The physician-patient working alliance

Jairo N Fuertes et al. Patient Educ Couns. 2007 Apr.

Abstract

Objective: Cognitive and emotional dimensions of the physician-patient relationship (working alliance) were examined in relation to patients' beliefs about the usefulness of treatment (perceived utility), patients' beliefs about being able to adhere to treatment (adherence self-efficacy beliefs), patients' follow through on their treatment plan (adherence), and patients' satisfaction.

Methods: Participants were 51 men and 67 women who averaged 38.9 years of age (S.D.=12.28). Seventy-two were Euro-American, 23 African-American, 6 Asian-American, 11 Hispanic, and 6 "Other." They reported an average of 7.3 years (S.D.=7.48) since being diagnosed with a chronic medical illness and an average of 7.1 (S.D.=4.88) visits to their doctor within the last year. Patients' conditions included HIV+/AIDS, hypertension, diabetes, asthma, and cancer.

Results: Results show moderate to strong relationships between working alliance and perceived utility (r=0.63, P<0.001), self-efficacy (r=0.47, P<0.001), adherence (r=0.53, P<0.001), and satisfaction (r=0.83, P<0.001).
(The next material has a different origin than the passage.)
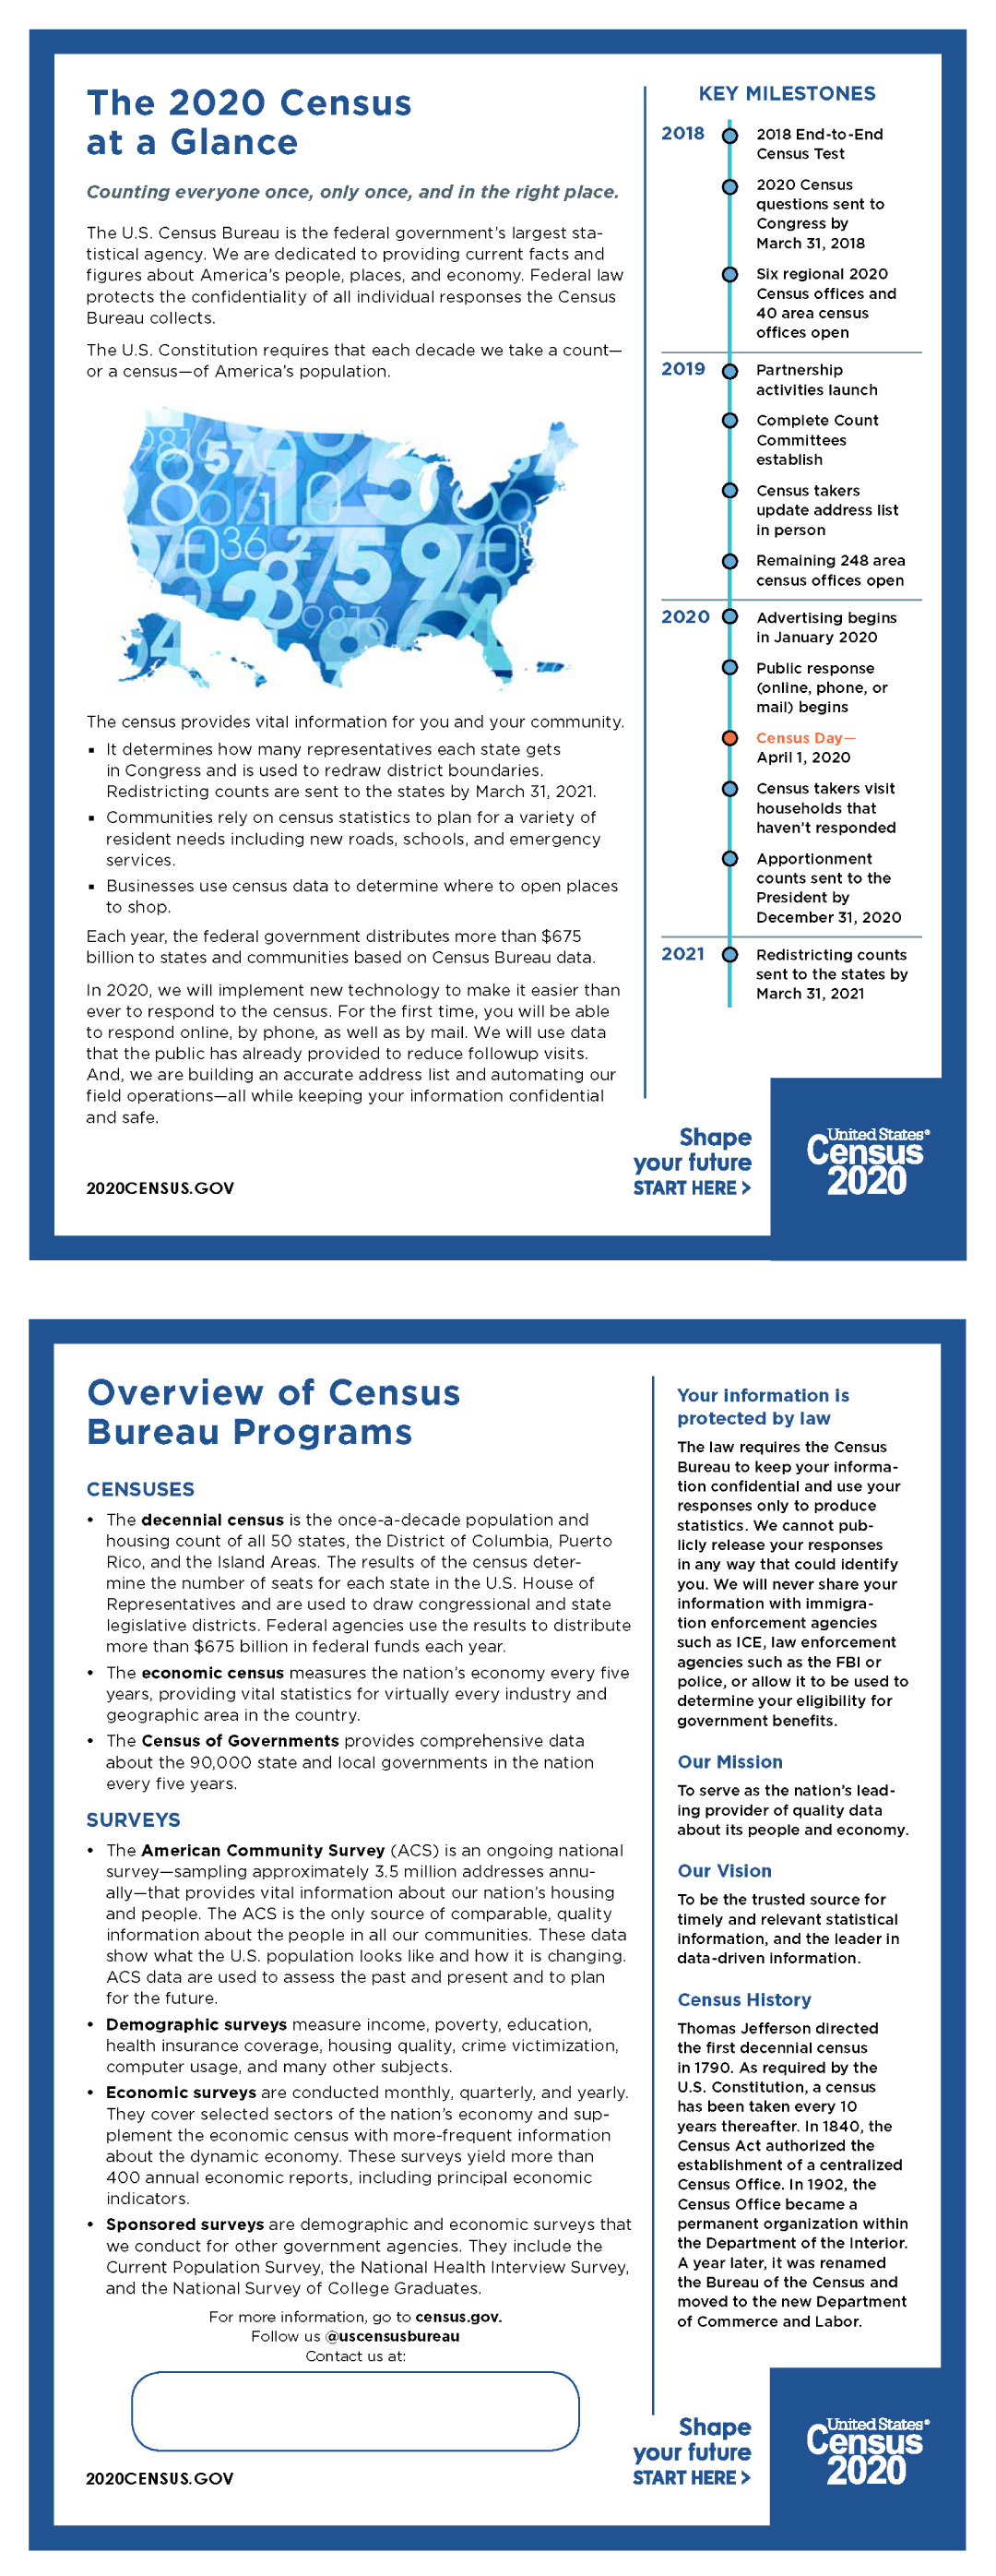 The 2020 Census at a Glance

Regression analyses showed that ratings of the working alliance (SB=0.25, P<0.005) and self-efficacy beliefs (SB=0.48, P<0.001) predicted patient adherence and that working alliance ratings (SB=0.83, P<0.001) also predicted patient satisfaction.

Conclusion: The working alliance can be measured in medical care and appears to be strongly associated with patients' adherence to and satisfaction with treatment.

Practice implications: The working alliance is important in medical treatment, as it is associated with patient adherence and satisfaction. Patients' self-efficacy ought to be assessed and promoted as it is also associated with treatment adherence.